Reputation: 125
I'm stuck with jsonb indexes and need help. I have a table with jsonb:
+-------+----------+------------------------------------------------------------+-------+
|id |measure_id|parameters |value |
+-------+----------+------------------------------------------------------------+-------+
|564174 |19 |{"1": 12, "2": 59, "5": 79, "6": 249, "7": 248, "8": 412} |42.461 |
|564176 |19 |{"1": 12, "2": 59, "5": 80, "6": 249, "7": 248, "8": 412} |46.198 |
|568244 |19 |{"1": 12, "2": 316, "5": 129, "6": 249, "7": 248, "8": 412} |19.482 |
|568246 |19 |{"1": 12, "2": 316, "5": 130, "6": 249, "7": 248, "8": 412} |20.051 |
|572313 |19 |{"1": 12, "2": 331, "5": 113, "6": 249, "7": 248, "8": 412} |7.098 |
|596434 |19 |{"1": 193, "2": 297, "5": 124, "6": 249, "7": 248, "8": 412}|103.253|
|682354 |22 |{"1": 427, "2": 25, "5": 121, "6": 426, "9": 441, "11": 428}|0.132 |
|686423 |22 |{"1": 427, "2": 60, "5": 72, "6": 426, "9": 443, "11": 428} |0.000 |
|1682439|44 |{"1": 193, "2": 518, "5": 91, "6": 426, "9": 429, "11": 431}|8.321 |
|1686787|44 |{"1": 193, "2": 515, "5": 96, "6": 426, "9": 429, "11": 431}|23.062 |
+-------+----------+------------------------------------------------------------+-------+
It's some statistical data and every row has measure and some parameters set. The number of parameters is different for every measure, so I put them in jsonb column. What I have to do:
select all distinct measures and parameters:
SELECT DISTINCT
measure_id,
jsonb_object_keys(parameters) AS parameter_id,
parameters -> jsonb_object_keys(parameters) AS parameter_value_id
FROM data;
select data from this table:
SELECT d.id,
d.measure_id,
CAST(d.attributes as TEXT) as attributes,
CAST(d.parameters as TEXT) as parameters,
d.value
FROM data d
WHERE d.measure_id=19
AND (jsonb_extract_path(d.parameters, '1')::bigint in (12))
AND (jsonb_extract_path(d.parameters, '2')::bigint in (2,59))
AND (jsonb_extract_path(d.parameters, '5')::bigint in (79, 80, 129, 130, 113))
AND (jsonb_extract_path(d.parameters, '6')::bigint in (249))
AND (jsonb_extract_path(d.parameters, '7')::bigint in (248))

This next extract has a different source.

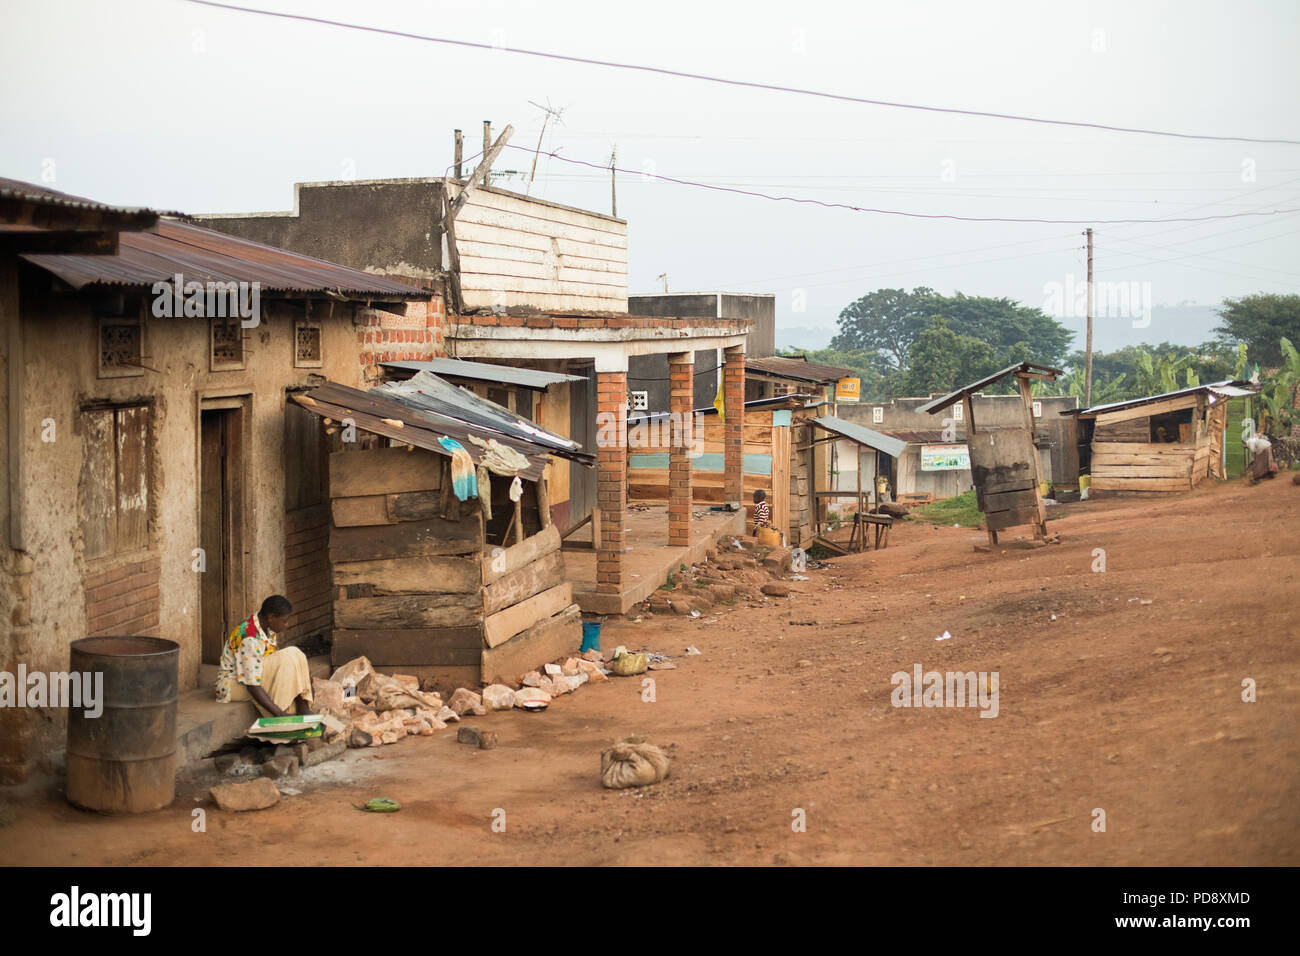 Shops and houses line the roadside of a small town in rural Mukono District, Uganda. Stock Photo

AND (jsonb_extract_path(d.parameters, '8')::bigint in (412))
ORDER BY d.id;
Both queries are running slow. My indexes:
CREATE INDEX idx_data_measure ON data USING btree (measure_id);
CREATE INDEX idx_data_parameters
ON data USING btree (((parameters ->> '1'::text)::bigint), ((parameters ->> '2'::text)::bigint),
((parameters ->> '5'::text)::bigint), ((parameters ->> '6'::text)::bigint),
((parameters ->> '7'::text)::bigint), ((parameters ->> '8'::text)::bigint),
((parameters ->> '9'::text)::bigint), ((parameters ->> '10'::text)::bigint),
((parameters ->> '11'::text)::bigint), ((parameters ->> '458'::text)::bigint),
((parameters ->> '717'::text)::bigint), ((parameters ->> '718'::text)::bigint),
((parameters ->> '719'::text)::bigint), ((parameters ->> '720'::text)::bigint));
I've tried to create one combined index:
CREATE INDEX idx_data_parameters ON data USING btree (measure_id, ((parameters ->> '1'::text)::bigint),...
but this doesn't help.
I've tried EXPLAIN ANALYZE, but honestly I don't understand it :(
EXPLAIN ANALYZE
SELECT DISTINCT
measure_id,
jsonb_object_keys(parameters) AS parameter_id,
parameters -> jsonb_object_keys(parameters) AS parameter_value_id
FROM data;
QUERY PLAN
Unique (cost=2212571.28..2222400.17 rows=982889 width=72) (actual time=79346.142..84316.123 rows=5050 loops=1)
-> Sort (cost=2212571.28..2215028.50 rows=982889 width=72) (actual time=79346.141..82358.141 rows=5586011 loops=1)
Sort Key: measure_id, (jsonb_object_keys(parameters)), ((parameters -> (jsonb_object_keys(parameters))))"
Sort Method: external merge Disk: 202816kB
-> Gather (cost=1000.00..2034108.05 rows=982889 width=72) (actual time=2467.949..63448.545 rows=5586011 loops=1)
Workers Planned: 2
Workers Launched: 2
-> Result (cost=0.00..1934819.15 rows=40953700 width=72) (actual time=2432.167..63305.298 rows=1862004 loops=3)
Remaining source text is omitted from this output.